1.2     Structure of the paper
The rest of the paper is organized as follows. Section 2 introduces the proposed
Markov Random Field for ranking refinement in document retrieval. Section 3
describes the experimental platform used to evaluate and compare our ranking
strategy. Section 4 presents the experimental results. Finally, section 5 depicts
our conclusions.

2     System Description
A general outline of the proposed method is given in Figure 1. Given a query,
the IR system retrieves from a given collection of documents a list of files sorted
according to a relevance criteria. From this list, some relevant documents are
selected based on a relevance feedback approach7. For each document in the
list, the textual features are extracted. The text contained in each document in
the list, the query given by the user, and a subset of information selected via
relevance feedback, are combined to produce a re-ordered list. This re-ranking
is obtained based on a Markov random field (MRF) model that separates the
relevant documents from irrelevant ones, generating a new list by positioning
the relevant documents first, and the others after. Next we give a brief review of
MRFs, and then we describe in detail each component of the proposed method.
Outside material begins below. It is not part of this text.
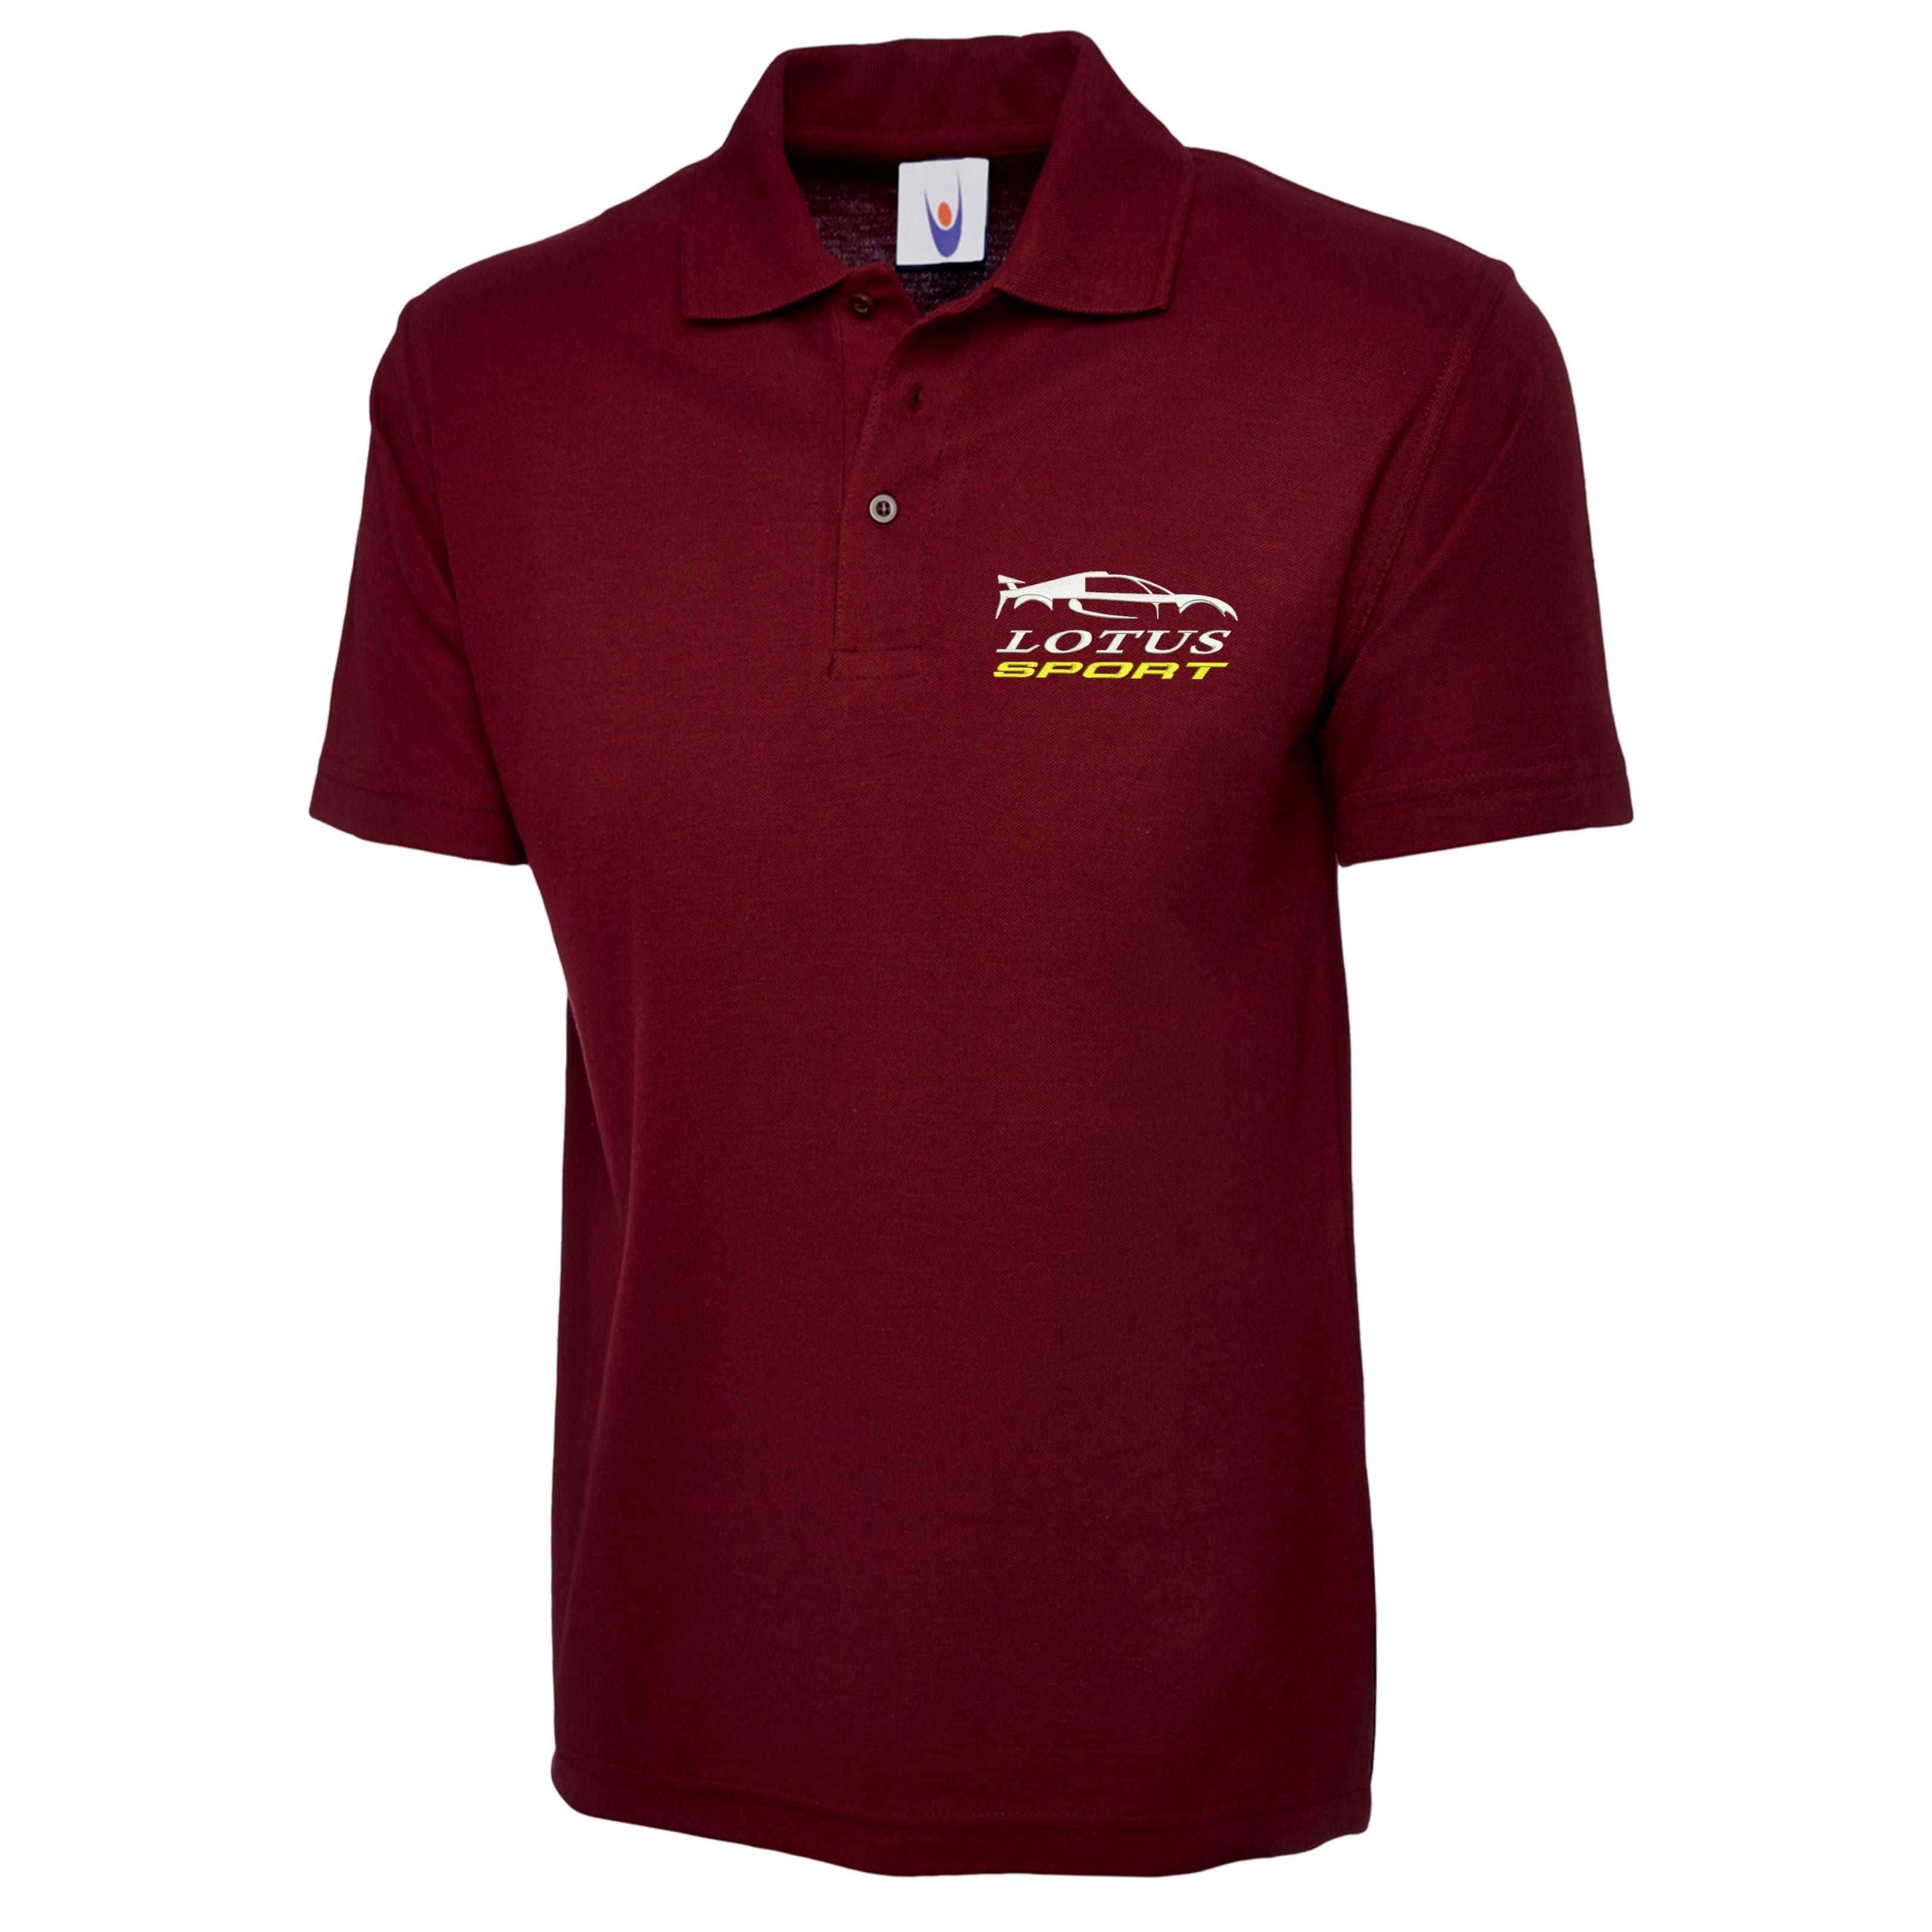 Embroidered Lotus Sports Polo Shirt Workwear Uniform Lotus Sports

2.1     Markov Random Fields
Markov Random Fields (MRF) are a type of undirected probabilistic graphical
models that aim at modelling dependencies among variables of the problem in
turn [5, 9, 6, 16]. MRFs have a long history within image processing and computer
vision [7]. They were first proposed for denoising digital images [5, 9, 6, 16] and
since then a large number of applications and extensions have been proposed.
    MRF modelling has appealing features for problems that involve the op-
timization of a configuration of variables that have interdependencies among
them. Accordingly, MRFs allow the incorporation of contextual information in
a principled way. MRFs rely on a strict probabilistic modelling, yet they allow
the incorporation of prior knowledge by means of potential functions. For those
reasons, in this paper we adopted an MRF model for refining the initial ranking
of a set of documents retrieved by some IR system. The rest of this sections
summarizes the formalism of MRFs.
    An MRF is a set of random variables F = {f1 , ..., fN } indexed by sites or
nodes where the following conditions hold:
                                  P (fi ) ≥ 0, ∀fi ∈ F                             (1)
7
    In the context of the Relevance Feedback track from INEX, we were given as feedback
    relevant passages instead of full documents though the Evaluation Platform.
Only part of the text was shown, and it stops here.